At United States ports of entry, the contents of air, maritime, truck, and rail cargo, as well as air passenger baggage, vehicles, and mail are subject to Agricultural Quarantine Inspection (AQI) by the United States Department of Homeland Security (DHS), Customs and Border Protection officials. The purpose of AQI is to help ensure that United States agriculture is protected from accidentally or intentionally introduced pests and diseases, including the possibility of agroterrorism. In general, current practice for inspecting cargo shipments of fruits and vegetables at United States ports is based on inspecting 2% of the items in a container for the presence of pests, with some allowances for the size, contents, and origin of the container (United States Department of Agriculture [1]).

Although simple to apply, this inspection rule appears not to have any economic content. That is, it does not consider the costs of inspections or the losses of failing to prevent an invasive species from entering the country, nor does it account for the severe uncertainty associated with infestations in shipping containers and the potential losses from introductions of poorly understood or surreptitiously introduced invasive species. In this paper, we propose an alternative decision criterion for determining inspection probabilities that incorporates economic considerations with particular emphasis on the severe uncertainties of pest introductions and damage.

With probability distributions over invasive species introductions and their impacts, one could cast the problem of determining optimal inspection rules in the familiar terms of risk analysis. A well-known implementation of this basic approach to decision making under risk is the expected utility model, where outcomes under different states of nature are weighted by probabilities when ranking actions. If probability distributions are not objectively known, the subjective expected utility model, where it is assumed that decision makers can develop subjective probability estimates and rank choices, is a well-known alternative. In the latter case, subjective probabilities are assumed either known by the decision maker or estimable using appropriate assessment procedures.

As already noted, it would be relatively straightforward to specify inspection rules that balance the costs of inspections against the expected benefits of preventing introductions of well-understood pests with well-behaved introduction pathways for which sufficient data are available to estimate probability distributions and impacts or for which subjective assessments are feasible. However, for very poorly-understood or unknown organisms, a risk-based approach can require information that policy makers may not possess and may have difficulty obtaining within a timeframe that is useful. For example, the likelihood of intentional introductions of invasive species can cast a shadow over the potential of both objective and subjective probability measures. In fact, biosecurity concerns have become an important consideration in many surveillance contexts and tend to make use of both historical data and expert opinion problematic in risk assessment. In some areas of economic decision making, including the management of invasive species, it is often difficult to interpret and rely on probability distributions associated with what may be one-time, uncertain events. Consequently, concerns about the usefulness of risk assessment in the management of invasive species are evident among researchers and practitioners alike (Moffitt and Osteen [2]).
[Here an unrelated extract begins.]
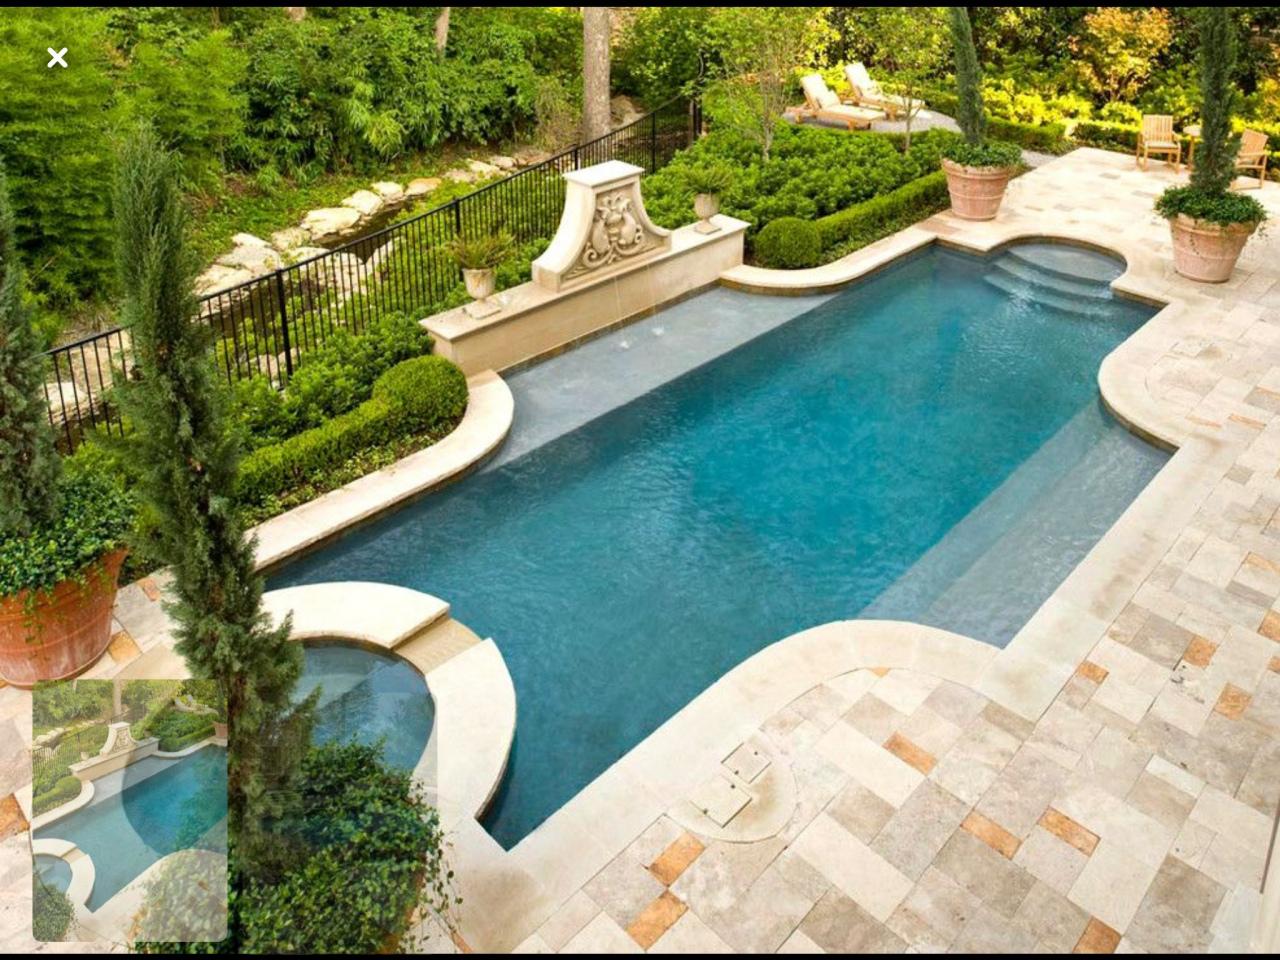 landscaping around pool yakuzi pool garten durch landscaping around pool

Moreover, even when risk assessment is thought to provide at least some useful information to a decision maker, decision criteria that are not based on vaguely understood probability functions can provide complementary information, for example, by elucidating the robustness of particular decisions to errors in the choice of distribution functions (see e.g., Stranlund and Ben-Haim [3]). For these reasons, nonprobabilistic decision criteria have been the subject of increased interest in the economics of surveillance realm.
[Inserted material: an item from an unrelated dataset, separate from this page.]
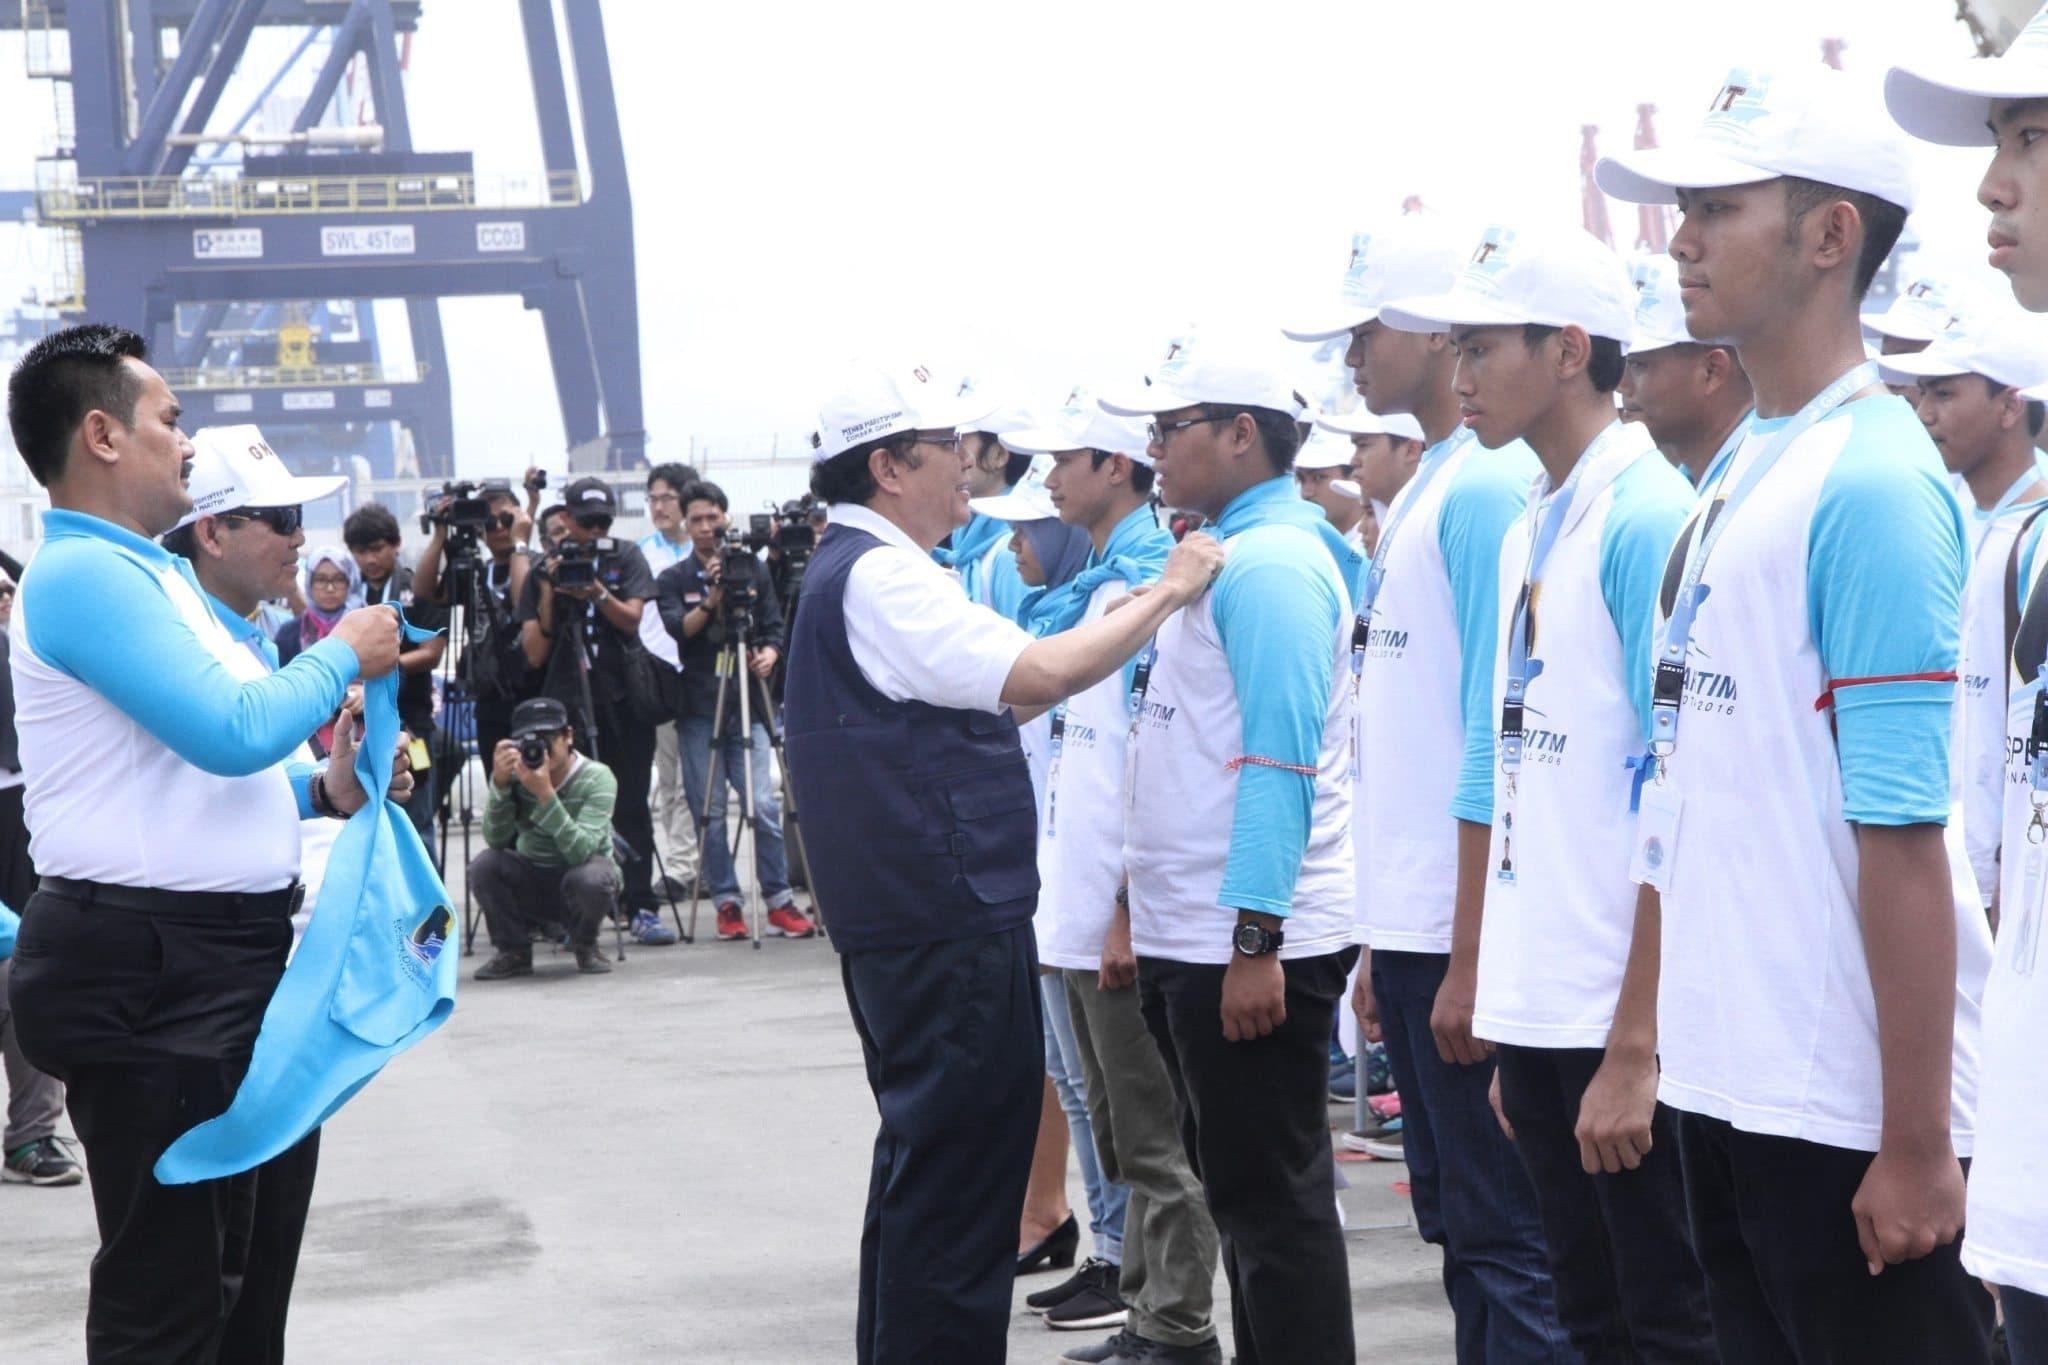 Menko Rizal Melepas Peserta Ekspedisi Maritim GMT 2016

Several approaches have been developed to analyze decision making in uncertain environments. These approaches include application of the maximin, maximax, Laplace, and Hurwicz criteria (Render et al. [4]). Each of these criteria can be interpreted in the context of a traditional decision problem with actions, uncertain events , and payoffs . The maximin optimal decision is found as the solution to The maximax optimal decision is found as the solution to The Laplace optimal decision is found as the solution to The Hurwicz optimal decision (given a value for ) is found as the solution to . The first two of these approaches represent polar extremes in terms of optimism and pessimism while the latter two require information similar to probabilities to be applied. Similarly, quantification of other notions related to uncertainty such as ignorance and surprise have also required the specification of functions confined to the unit interval (Katzner [5]; Horan et al., [6]).The notion of ambiguity lies in the middle ground between risk and uncertainty. If the likelihood of uncontrolled events can be determined up to a convex set (e.g., ranges of probability values are known), then there is said to be ambiguity about the risks associated with a decision. For such cases, a decision criterion known as maxmin expected utility (Gilboa and Schmeidler [7]) suggests maximizing the minimum expected utility where the expectation is taken over the convex set.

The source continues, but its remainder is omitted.